Les enfants sont-ils en danger dans les vélos cargos?

Rédigé par
Adélita Genoud
Société

CIRCULATION • La présence de véhicules imposants et la multiplication des travaux rendent les routes parfois peu sûres pour des usagers de la mobilité douce.

Jean, habitant d’une commune, est à la fois inquiet et en colère face à une pratique qu’il observe de plus en plus fréquemment dans les rues genevoises: le transport de très jeunes enfants à l’avant de vélos cargos.
«Au fil de mes déplacements, j’observe une pratique qui m’interpelle profondément: celle consistant à transporter de très jeunes enfants à l’avant de vélos, dans un espace totalement exposé à la circulation. Sans remettre en cause la légalité de cette pratique, elle soulève à mes yeux une véritable question de responsabilité et de perception du risque», explique-t-il.
Pris dans le trafic
Selon lui, certaines situations rencontrées dans le trafic renforcent ce sentiment d’inquiétude. Il évoque notamment des comportements jugés imprudents, tels que le non-respect de la signalisation lumineuse, l’utilisation de voies réservées aux bus ou aux taxis, ou encore une cohabitation tendue avec les autres usagers de la route. «Ce qui m’alarme particulièrement, ce sont les conditions dans lesquelles cela se déroule parfois», poursuit-il. «Dans ces moments-là, j’ai le sentiment que ces enfants se retrouvent involontairement placés dans une position de vulnérabilité extrême, sans être en mesure de comprendre ni de refuser ce qu’ils vivent.» Il n’est pas le seul. D’autres témoignages lui font écho. «Comment peut-on s’engager dans le trafic particulièrement périlleux en raison de la multiplication de travaux sur le domaine public avec des bambins placés aux premières loges?», relèvent des riverains.
Contacté, le président de l’association Pro Vélo Genève, Olivier Gurtner, propose une lecture différente de la situation. Selon lui, si danger il y a, il est avant tout lié à la présence massive de véhicules motorisés de grande taille en milieu urbain. Il rappelle notamment que la part des immatriculations de SUV a fortement augmenté ces dernières années, atteignant 58% en 2025 selon Comparis.

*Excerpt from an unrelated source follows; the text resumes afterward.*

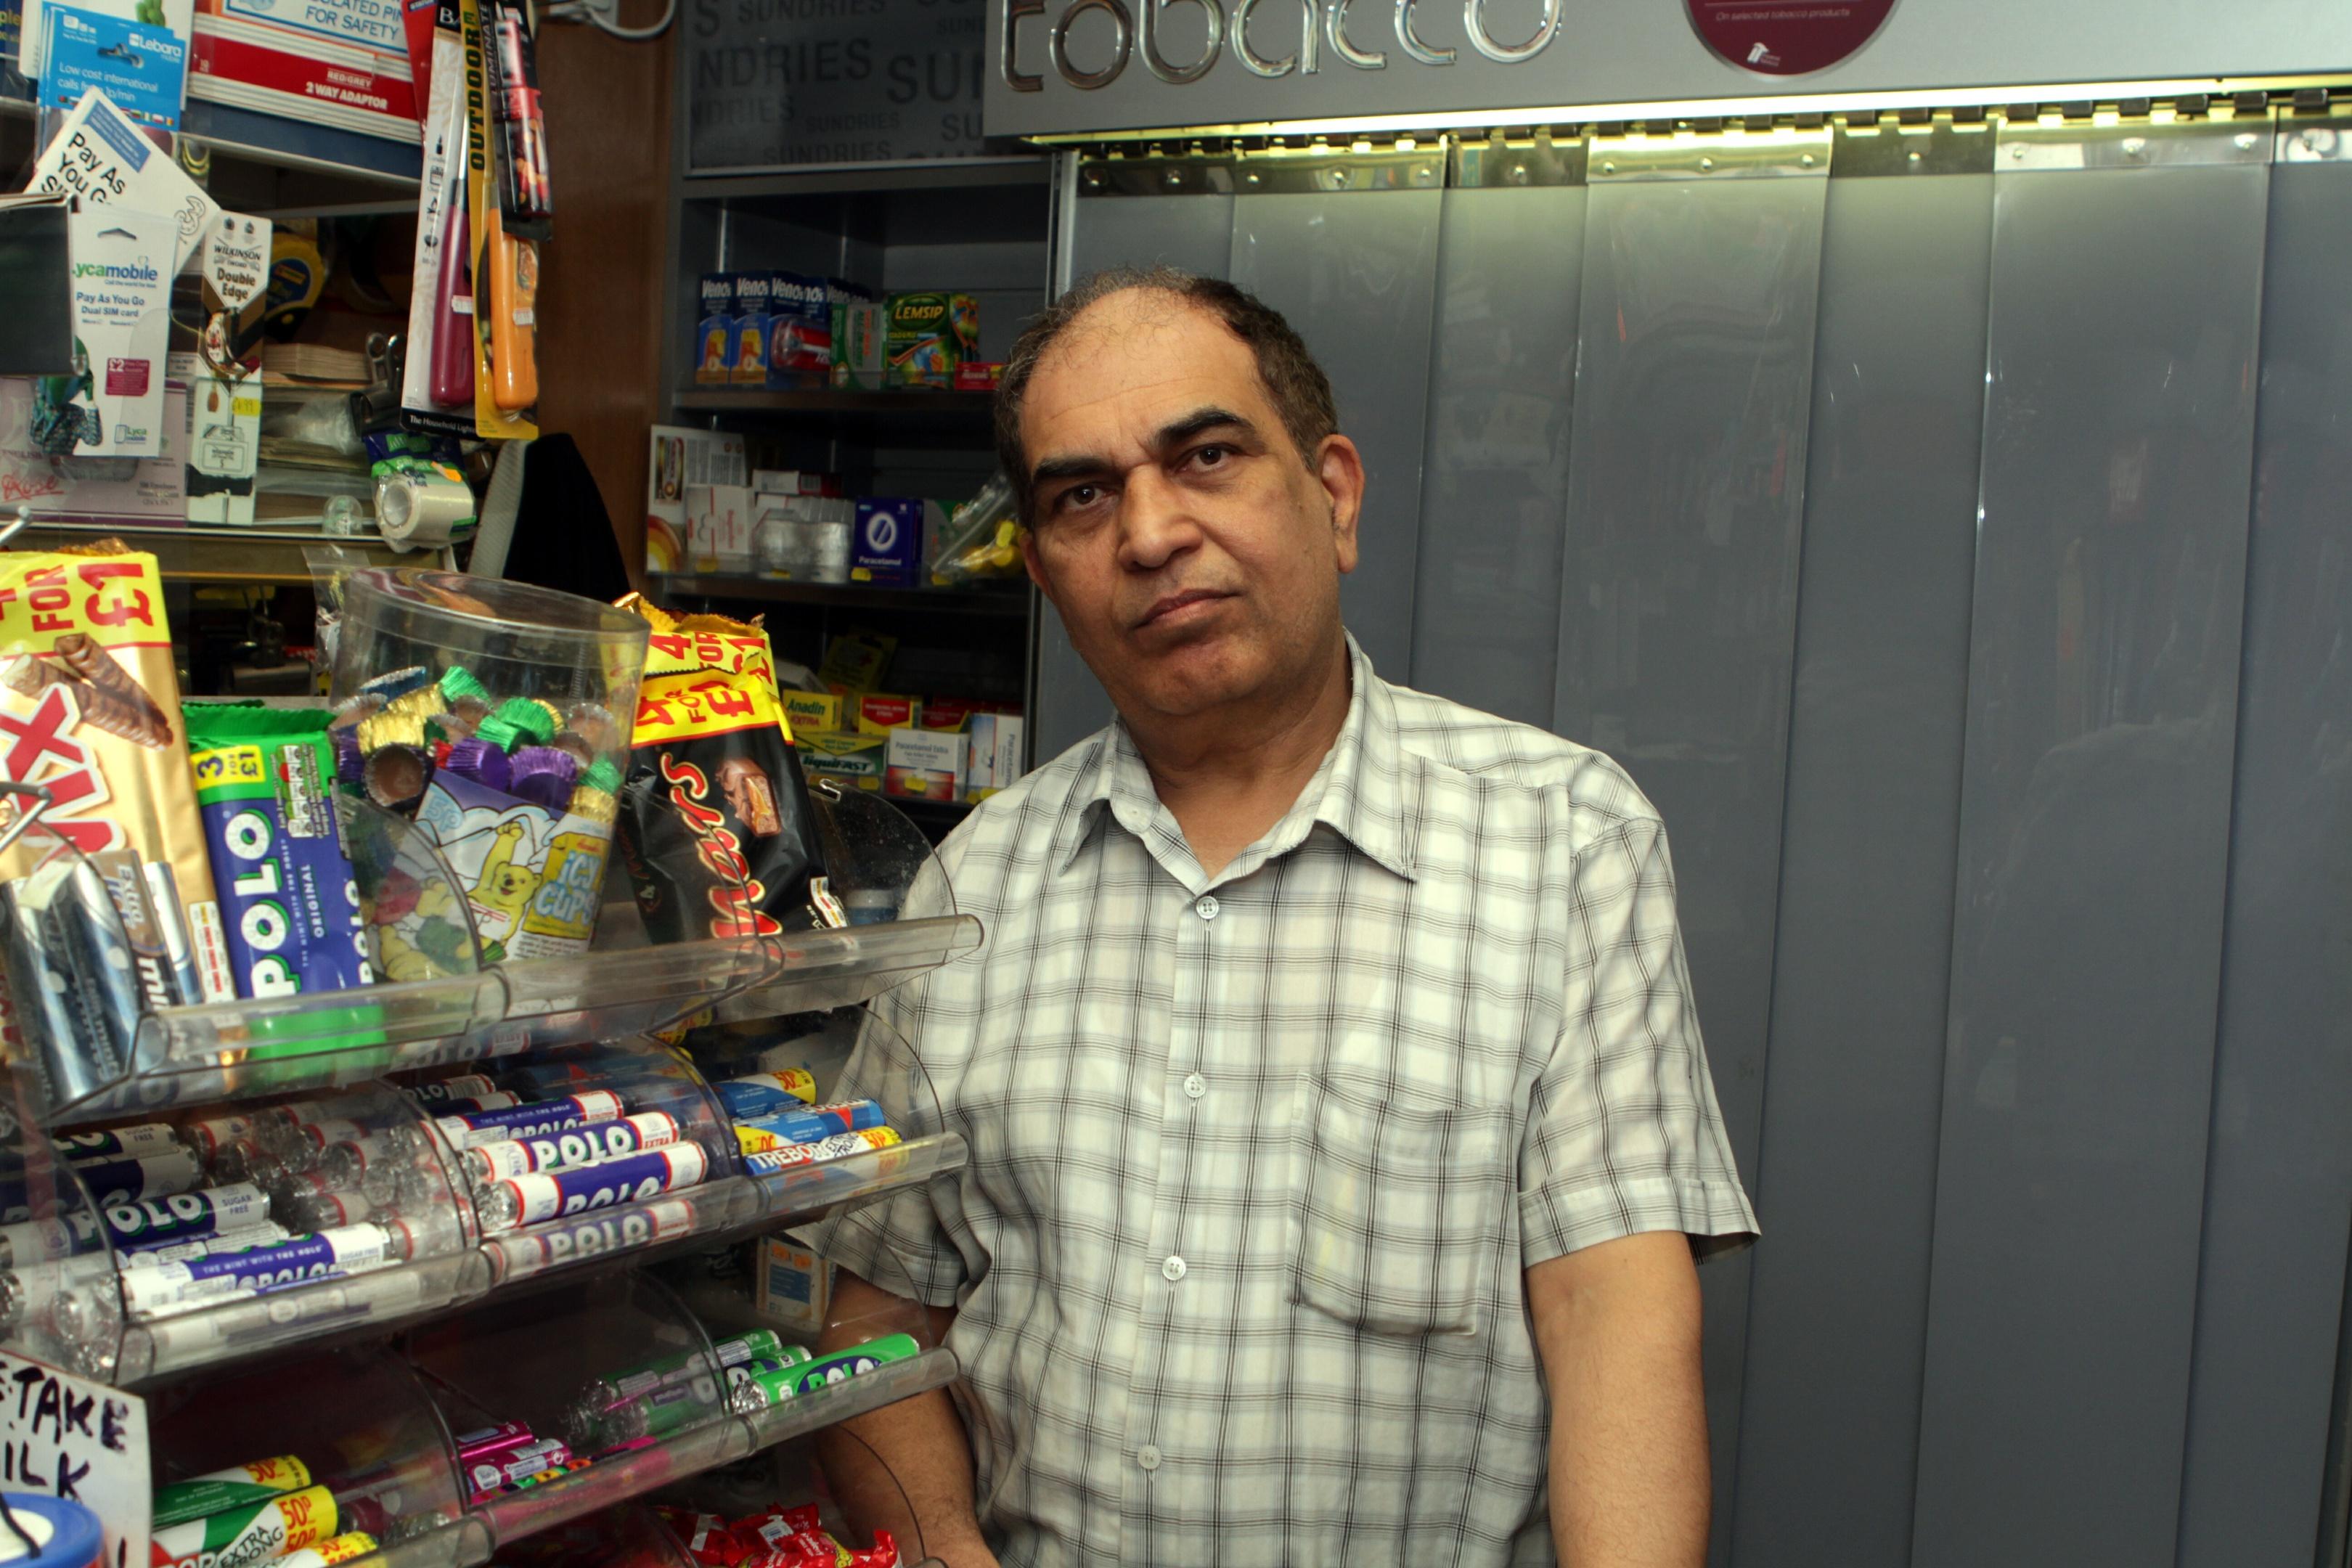 Mohammed Saleem following Saturday morning's shocking incident.

«Ces voitures représentent un risque réel pour l’ensemble des usagers de la mobilité douce», estime-t-il. Pour le responsable associatif, la réponse ne passe pas par une remise en cause des pratiques cyclistes, mais par une adaptation des infrastructures: «Comme le demandent de nombreux piétons et utilisateurs de vélos, la mise en place de pistes sécurisées demeure la solution la plus efficace. Les nombreux chantiers ouverts à Genève devraient permettre, conformément aux orientations de la nouvelle législation fédérale, de développer ces espaces protégés et de mieux sécuriser la cohabitation entre les différents modes de transport.» 

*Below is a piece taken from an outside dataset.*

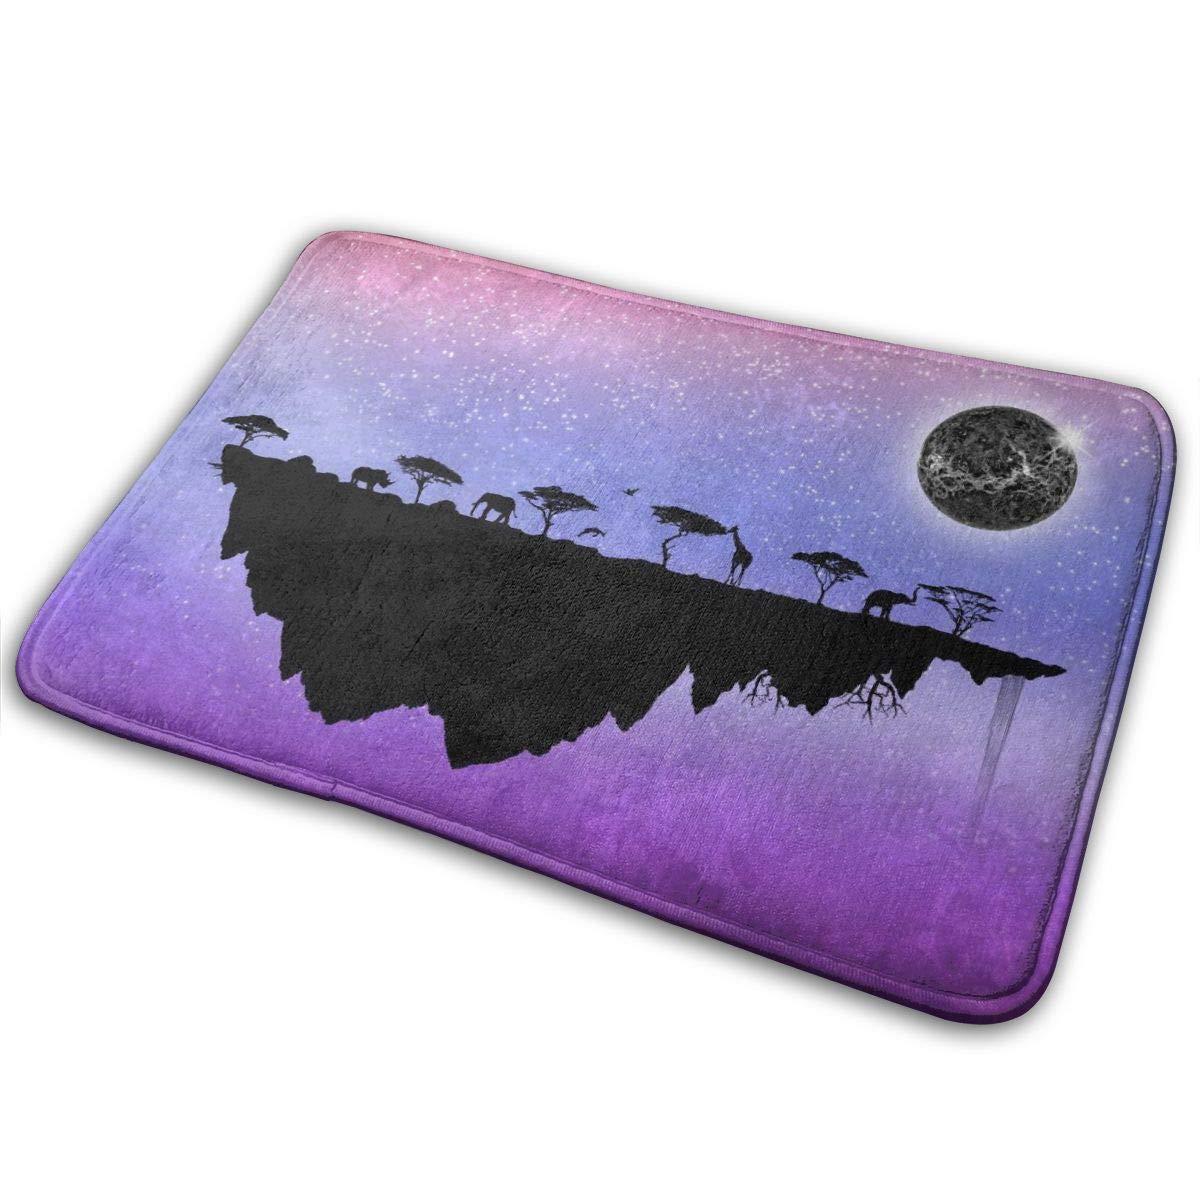 Amazon.com: NiYoung Pace Elephant Giraffe Moon Island Purple ...

Davantage d’espaces dédiés
Du côté du Département de la santé et des mobilités (DSM), on affirme: «La sécurité de l’ensemble des usagers de la route constitue une priorité absolue. Qu’il s’agisse des piétons, des cyclistes, des enfants, des personnes âgées ou des automobilistes, chacun doit pouvoir se déplacer dans l’espace public dans les meilleures conditions possibles.» Alors? «Ces dernières années, de nombreux progrès ont été réalisés pour améliorer les déplacements à pied et à vélo. Le développement d’aménagements dédiés ainsi que la sécurisation de nombreux itinéraires contribuent à réduire les risques et à favoriser une meilleure cohabitation entre les différents modes de transport. En collaboration avec l’ensemble des acteurs de la mobilité, ces améliorations doivent se poursuivre. L’expérience montre que lorsque les aménagements sont adaptés et clairement séparés là où cela est nécessaire, les conditions de déplacement s’améliorent pour tous. C’est particulièrement important pour les familles qui choisissent de se déplacer à pied ou à vélo au quotidien.»
Reste évidemment, comme le relève encore le DSM, qu’au-delà des infrastructures, la sécurité repose également sur le respect mutuel entre tous les usagers. Chacun a un rôle à jouer pour que les déplacements  se déroulent dans un climat de  confiance, d’attention et de responsabilité.